Why don’t we put them - or at least some of them - to work? It feels like there are opportunities here to make this asset pool yield bearing for the protocol, rather than just sat there waiting to be distributed.

Why not use a % of these tokens to set up a set of G-UNI GEL pools to essentially further grow the GEL treasury? This is distinct from liquidity mining in that it would essentially be the protocol treasury that would be benefiting - although clearly these could be used to support rewards further down the line.

Rather than going into specific details at this stage it would be interesting to hear the perceived pros and cons of doing something like this. Thoughts?

Since there is not yield earning opportunity for GEL in the DeFi space yet, I have a wild idea, which however is probably too hard to execute lol:

Create a community owned network executor entity and use the fund as stake to process tasks and earn fees for the treasury.

very interesting idea, so basically use some of the funds of the treasury to provide liquidity in order to earn fees from Uniswap v3 trades happening which can then on a continuous basis be ejected and then allocated to some network growth activities such as to pay developers to build new stuff on top of Gelato.
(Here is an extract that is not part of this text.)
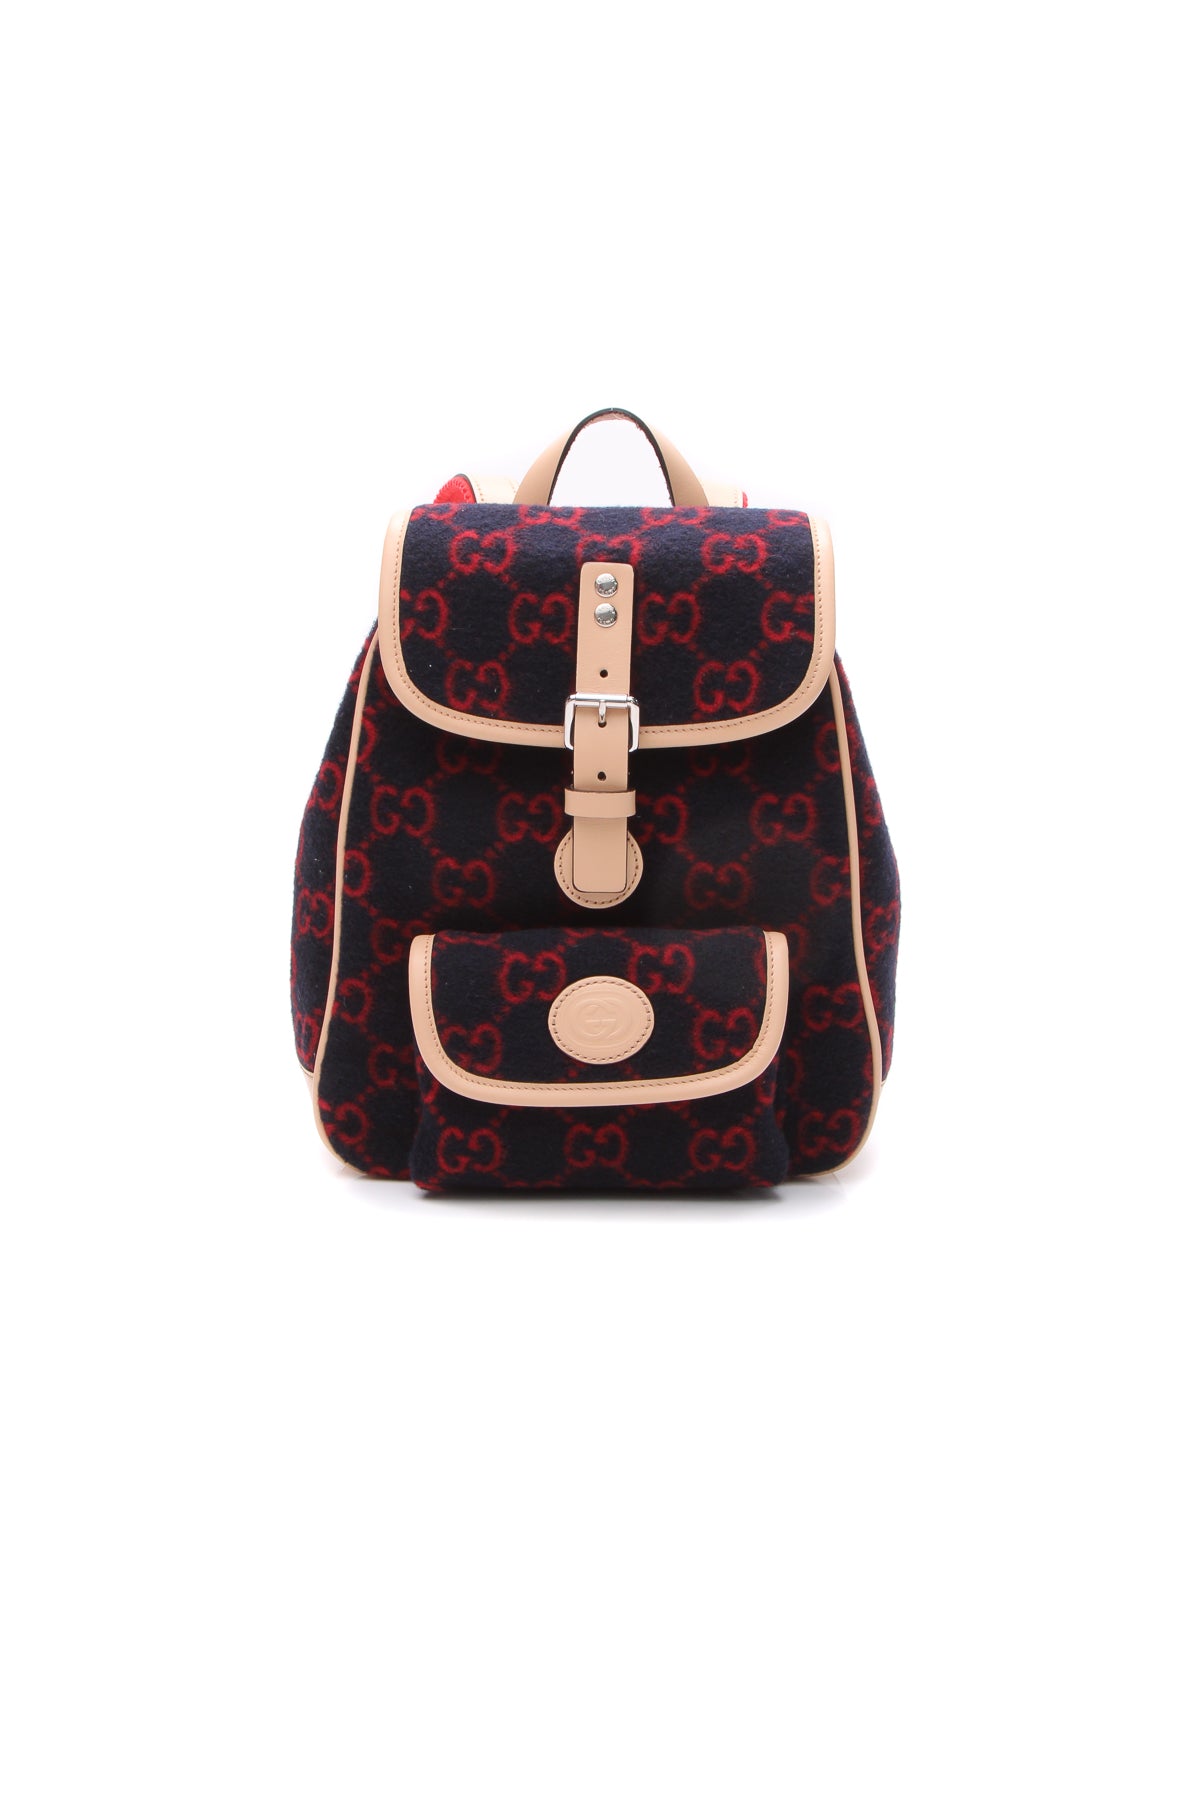 Gucci Wool Children's Backpack - Navy/Red - Couture USA
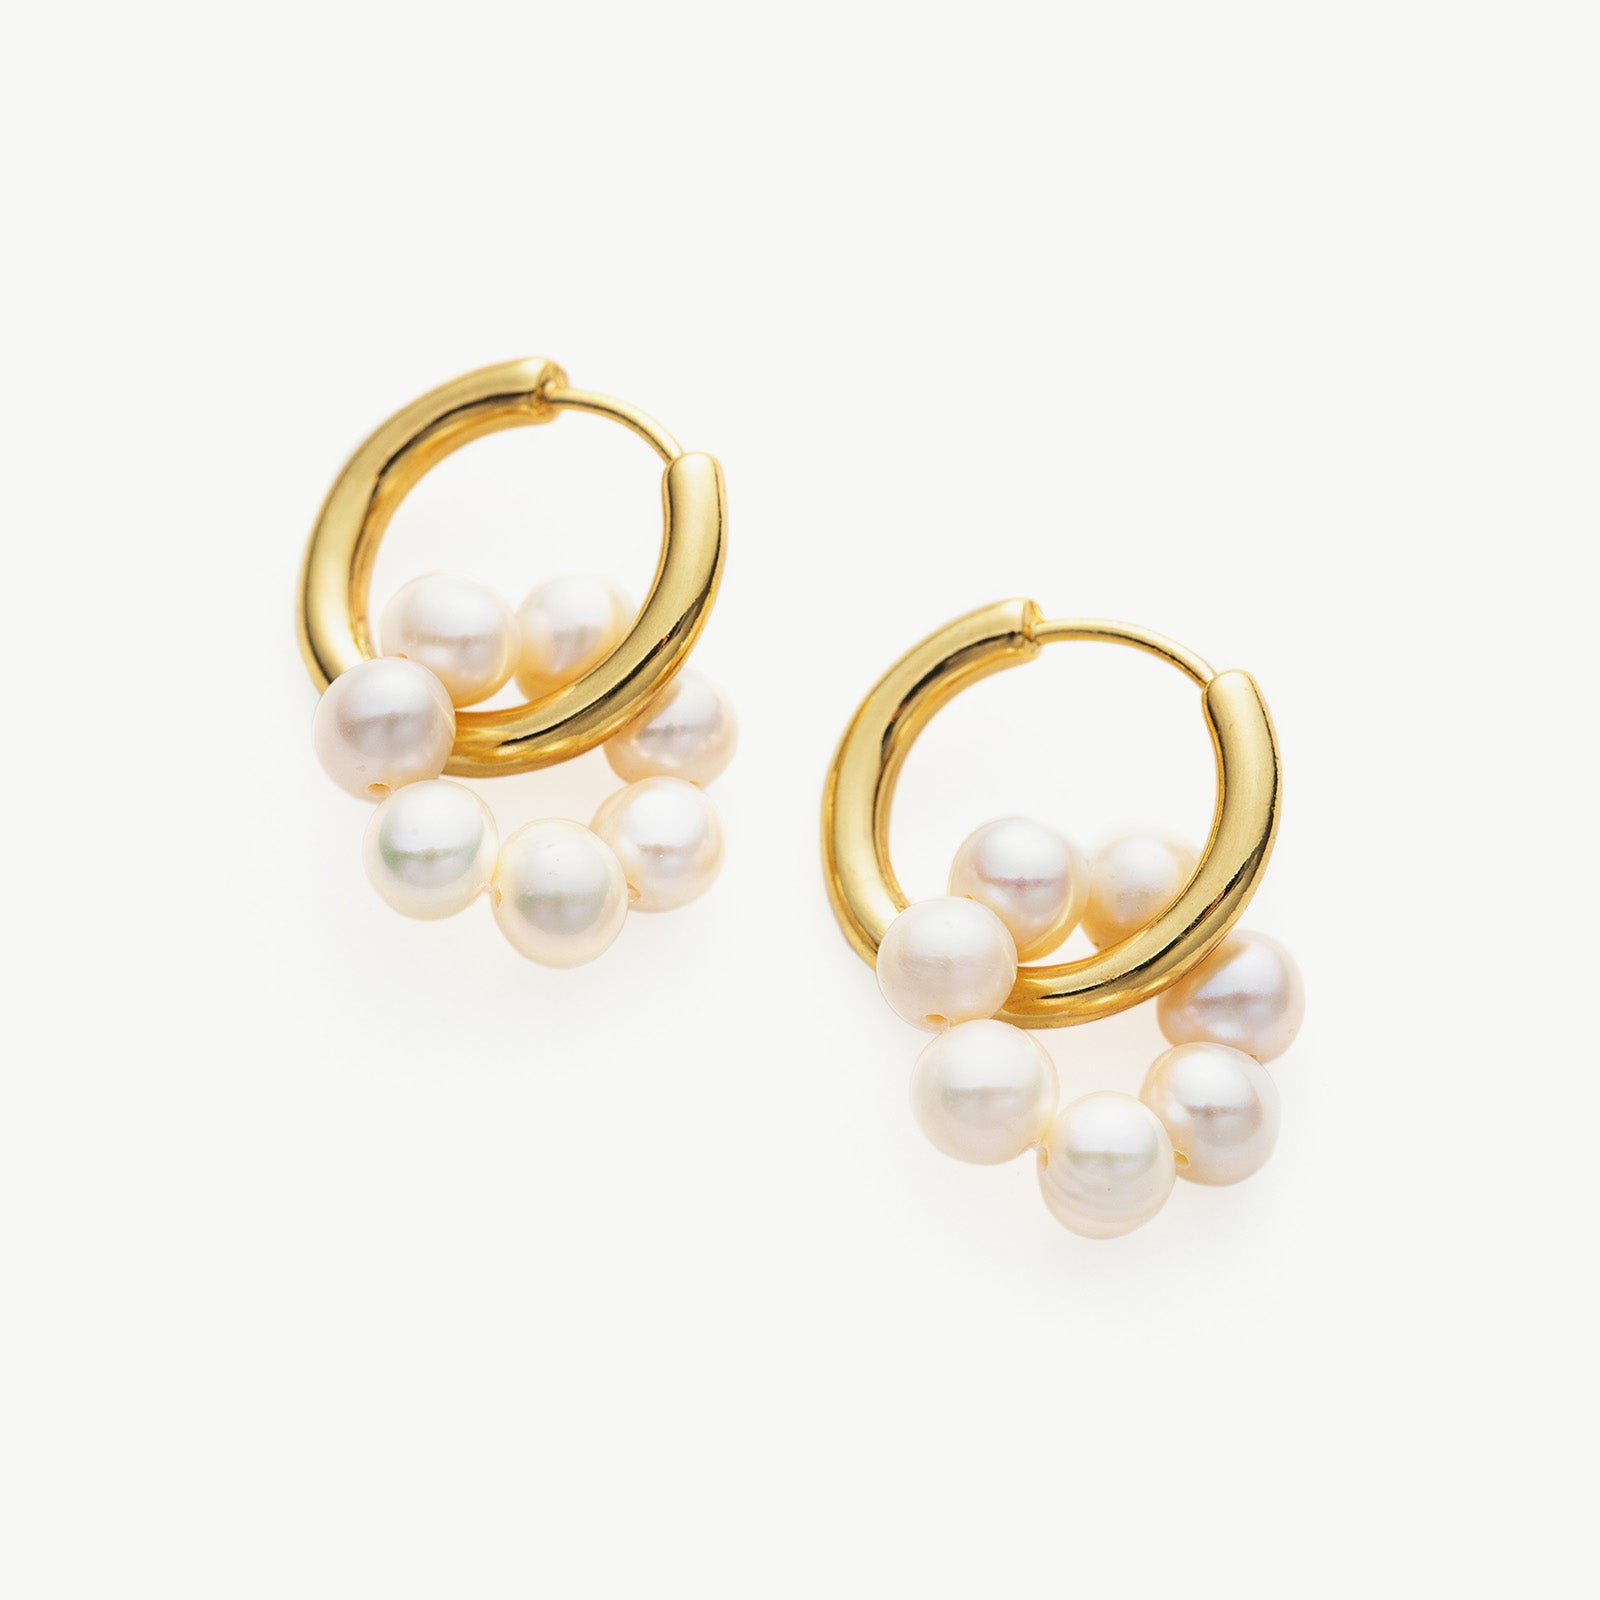 Tunnel Hoop Earrings with Seed Pearls, a chic and pearlescent twist on classic hoops, adding a touch of modern elegance to your style

Definitely worth considering, this would be an alternative to the Liquidity Mining rewards for existing GEL holders scheme we discussed in another post. It would also increase the overall liquidity of GEL on e.g. Uniswap v3. We would need to discuss more specifics around it.

Hehe interesting idea, however currently running an executor entity is non trivial and requires full time DevOps Engineers to accomplish, which is the reason why it is not more “open” yet. We are working hard to make it more stable and easier to run so that at some point maybe everyone can just spin up a node and execute transactions in Gelato, however currently that would not be possible.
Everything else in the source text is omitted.